On April 5, Kolhi crossed a new threshold in her own odyssey when she stood on the steps of a colonial-era courthouse in Hyderabad and brandished a document officials had just issued, authorising her to run for the provincial assembly.
With no rival party to back her, Kolhi's independent run may make barely a dent at the ballot box in Sindh, a stronghold of President Asif Ali Zardari's ruling Pakistan People's Party (PPP).
But her beat-the-odds bravado has lit a flame for those who adore her the most: families she has helped liberate from lives as vassals.
"Why don't we vote for Veero? She has come to us for vote. We want Veero in the office because we wish to progress. We don't have roads in our village. Our women face hardships when they are pregnant and Rickshaws refuse to come here," said Ramchand Thakur, who lives in a Hindu settlement on the edge ofHyderabad.
While Kolhi clearly enjoys meeting supporters - greeting women by placing two palms on their bowed heads in a traditional gesture of protection - she has still only reached a tiny fraction of constituency's 133,000 voters.

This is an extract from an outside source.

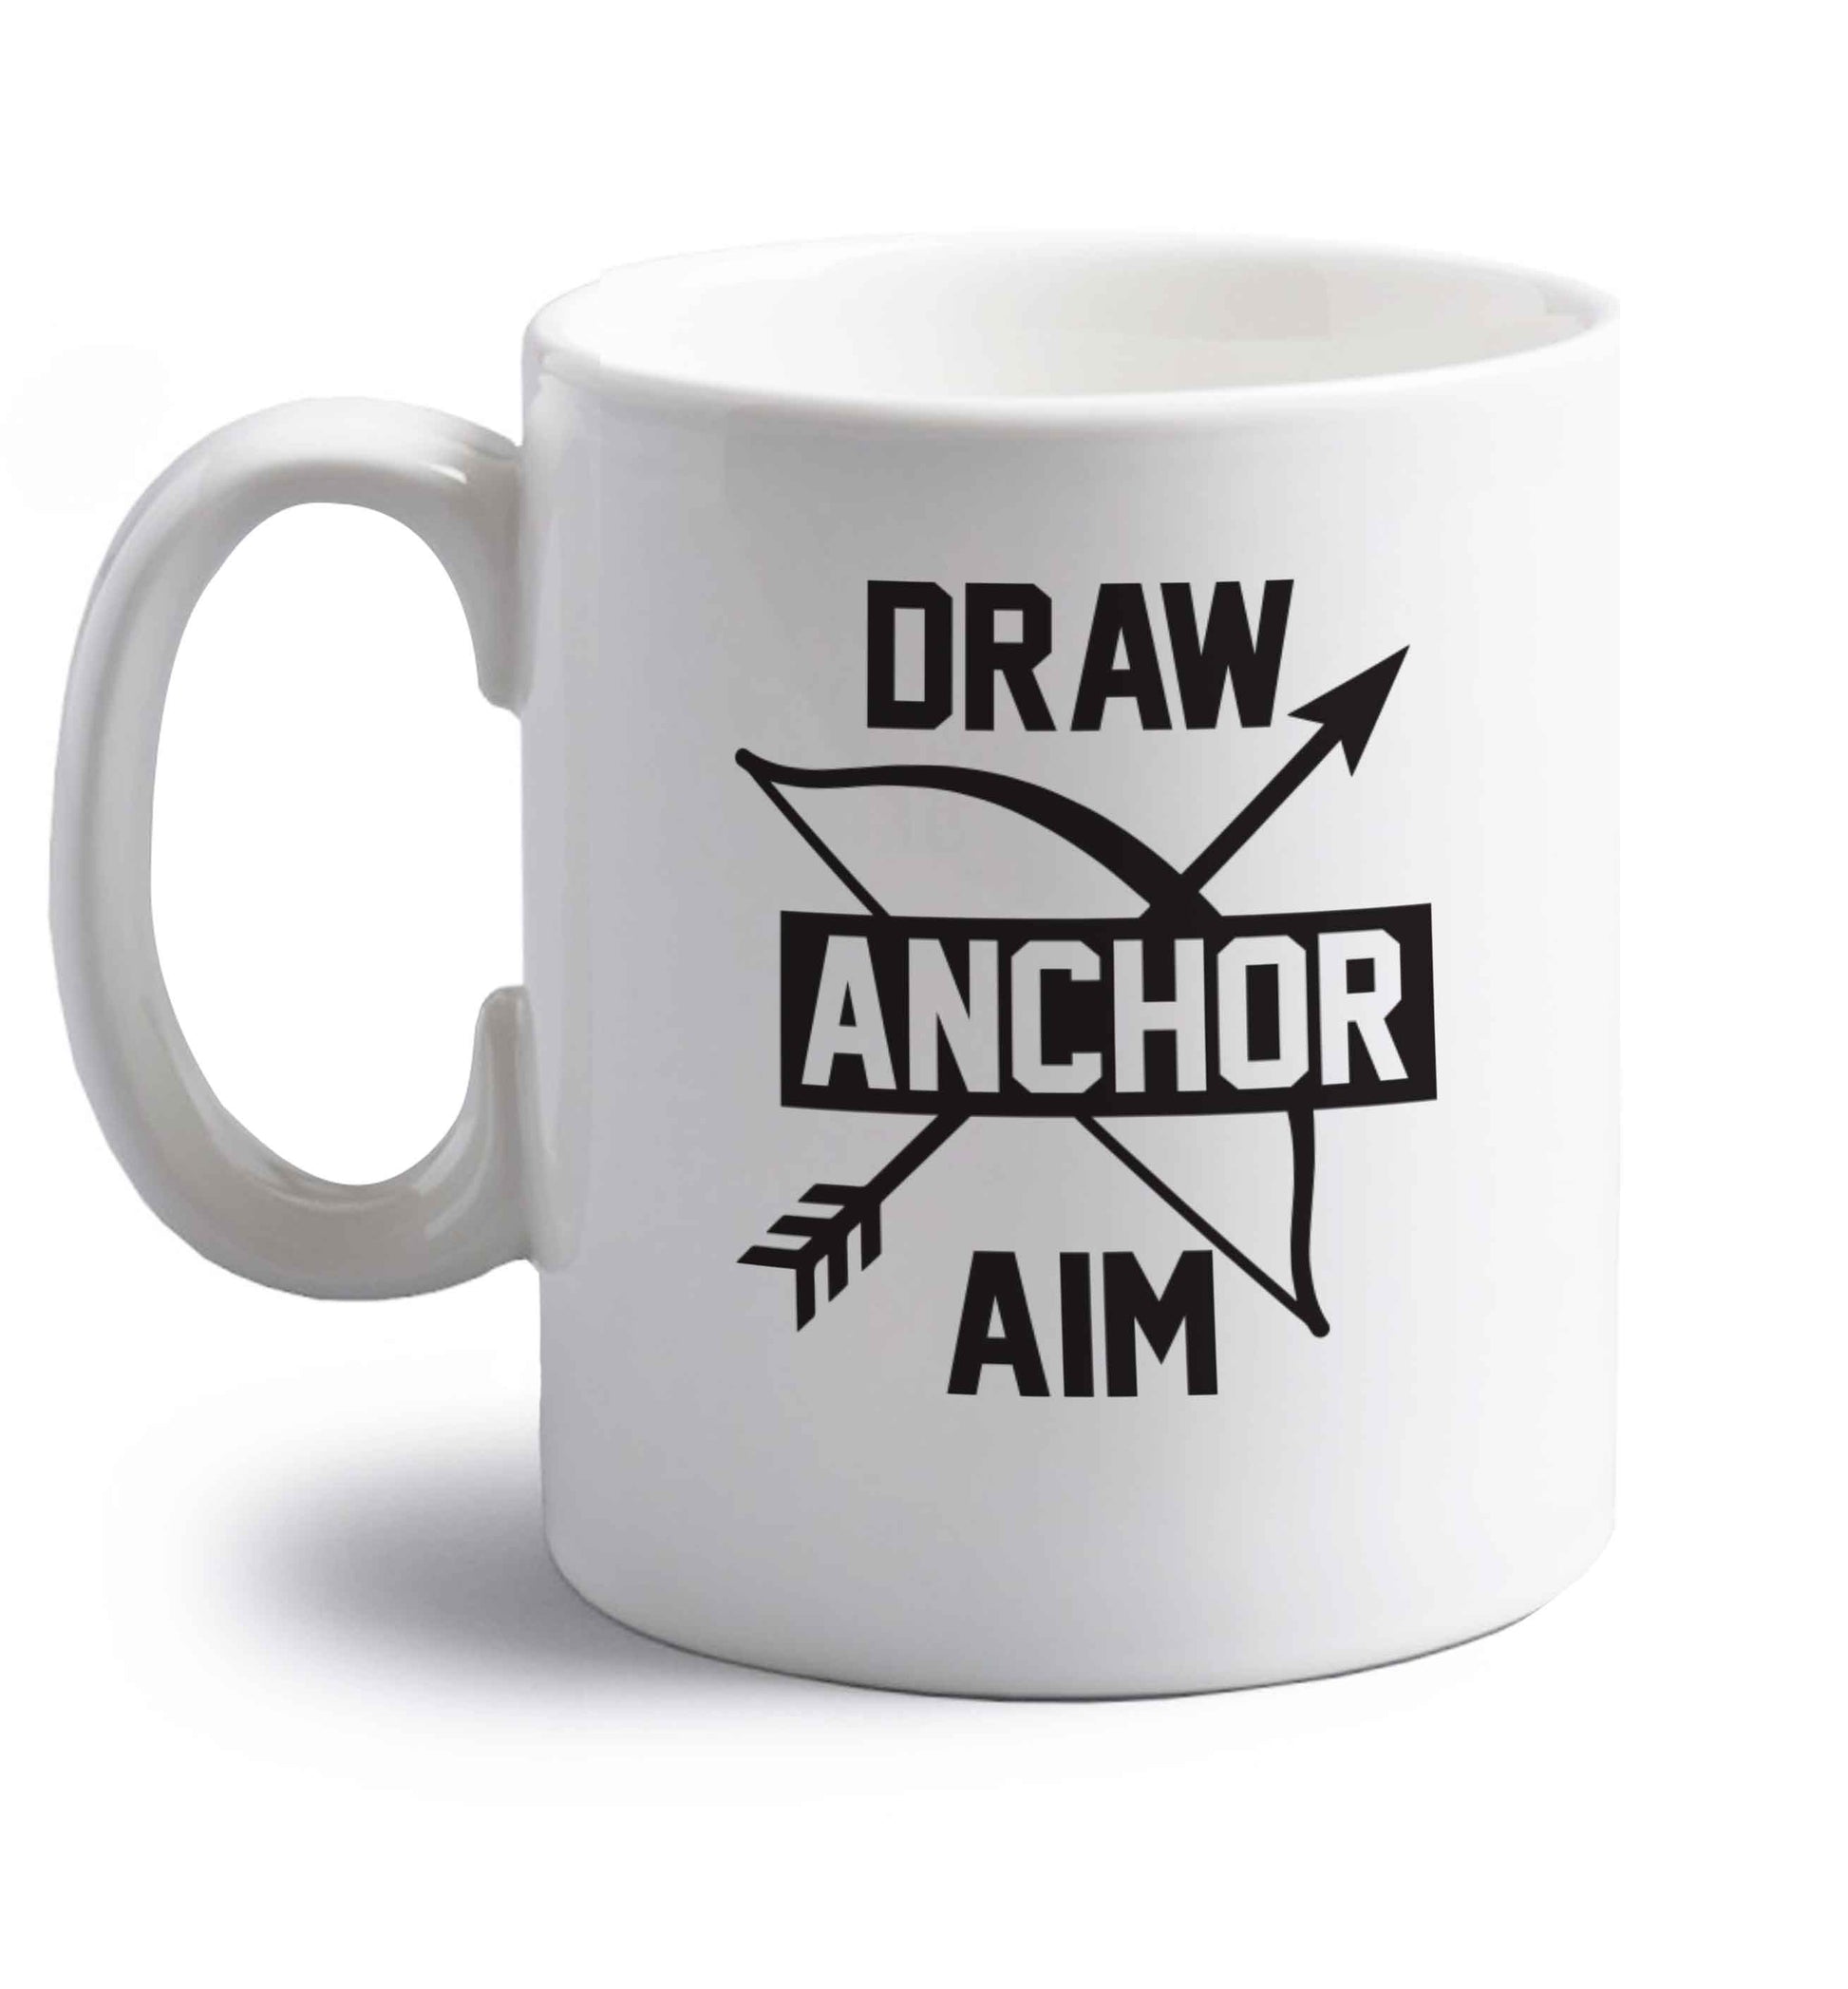 Draw anchor aim right handed white ceramic mug

The favourite remains Sharjeel Memon, an influential businessman and stalwart of the Pakistan Peoples Party, which considers Sindh province its backyard, and which has long claimed to be the mantle of defender of the poor.
Despite the struggle Kolhi faces, the fact she is able to run at all has emboldened campaigners for workers' rights in Sindh.
Although Veero Kolhi works with a local organisation that says it has helped rescue some 26,000 indebted workers in the last 12 years, several estimates put the total figure of bonded labourers in Pakistan at roughly eight million.
Lakhi Bheel said he accumulated a debt of 99,405 rupees after working for three years - a sum he could never hope to pay. When the time came to divide the harvest, he said the landlords would say rain had damaged the crop or they owed more money to pay for the farm's upkeep.
Bheel said he had decided to make a break for freedom after the land owner threatened to sell the family's daughters in return for bride prices.
"We had to pay the salaries of drivers, cooks, and accountants. We lived there for three years but I don't remember having good food once in these years. We worked the whole day. They used to beat us. Sometimes four men would guard a single person. At night they would put us in a room of 50, 60 feet and lock it," he said.
Lalee Kolhi, another former bonded labourer turned activist, said it took her time to realise her rights.
"I learned this in four, five years. The landlords who beat me and my family, I used to think, may be some day I can reach them and we can sue these landlords. I have learnt this now, I go to a lawyer," said Lalee Kolhi, another former bonded labourer turned activist.
In Pakistan, campaigners say the only solution would be to enact vigorous land reforms to give destitute workers their own farms in order to prevent any oppression.